そもそも「総合計画」策定は、高度成長期、国が自治体にインフラ、基盤整備のために義務付けしたといういきさつがあります。しかし、いまは、住民と議会が本当に自分たちの【総合計画】を作ろうという動きもありますし、財政計画もきちんと示して「夢物語を書かず、書いたことは実行する、書かなかったことはやらない」を原則にしている自治体もあります。

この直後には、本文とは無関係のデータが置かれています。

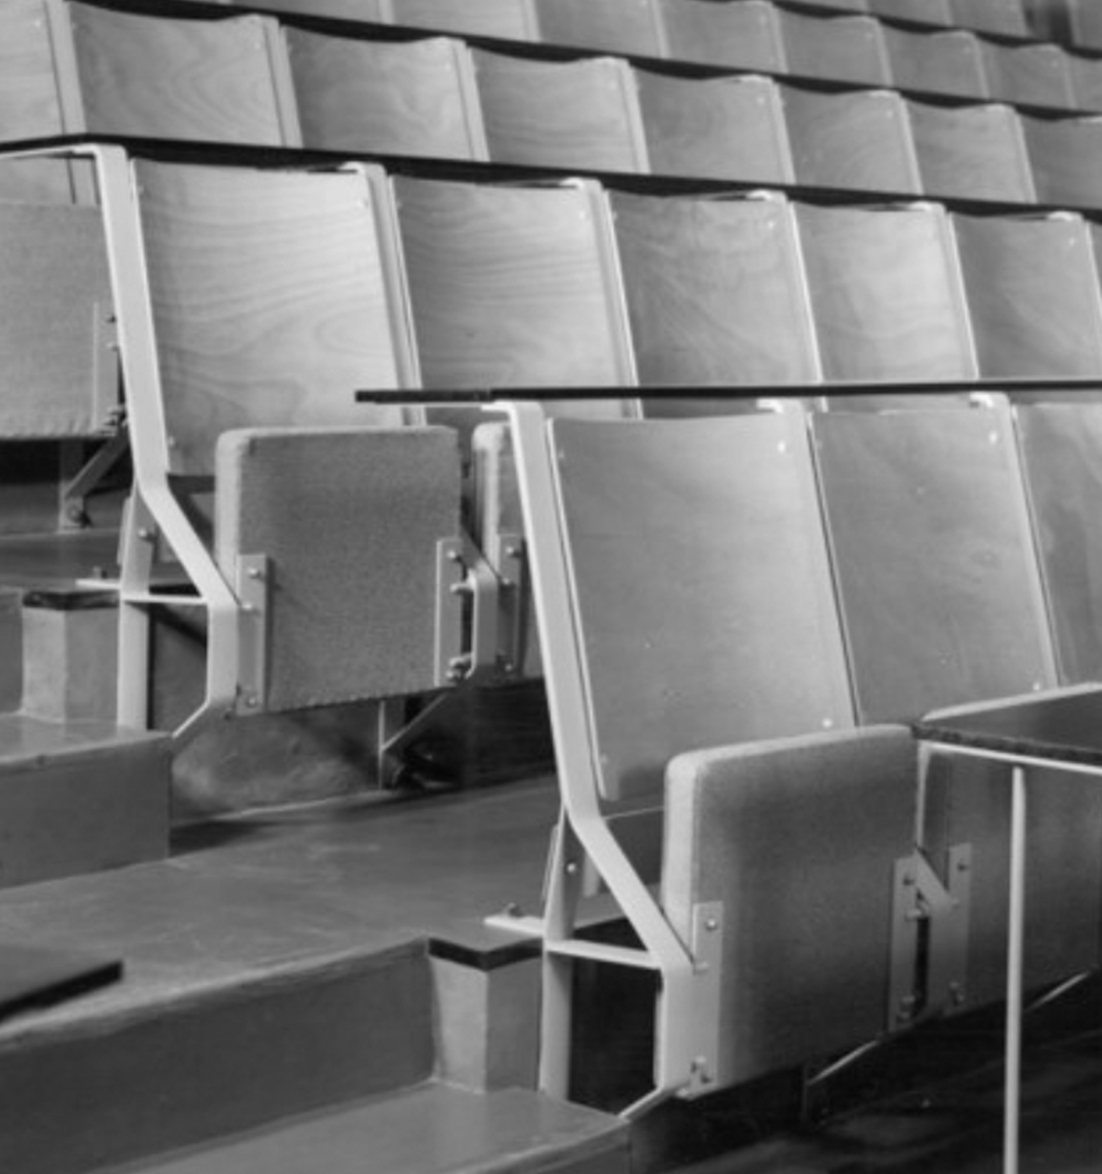 Original auditorium seating by Race Furniture

いっぽう府中市の場合、たとえば、府中駅南口再開発事業で、市が保留床を70億円で買取り、そこに「公共施設」を作る計画が出されていますが、これを「総合計画にある【にぎわい魅力のあるまちづくり】である」と説明しているように、都合よく使われてはいないでしょうか。総合計画が「バラ色」の標語の羅列で「何でも作る」ことの言いわけになっては意味がありません。いくらを使ってどんな公共施設をいくつ作る、という具体的な計画になっていないのが問題です。また、高度成長期とは違い、これからは低成長の中で、インフラより社会保障の充実が求められています。財政計画が示されない計画であるのも問題で、社会状況がころころ変わる中、12年先のことまで見通すことを前提に策定するのも非現実的です。
しかし答弁のように、つくり方も変えない、検討協議会の運営もコンサルタントに任せるということでは、住民が作った住民のための計画であると実感できるものにならないと思いました。総合計画をつくるときの「協働」の意味について、議会も行政も考えることが必要ではないでしょうか。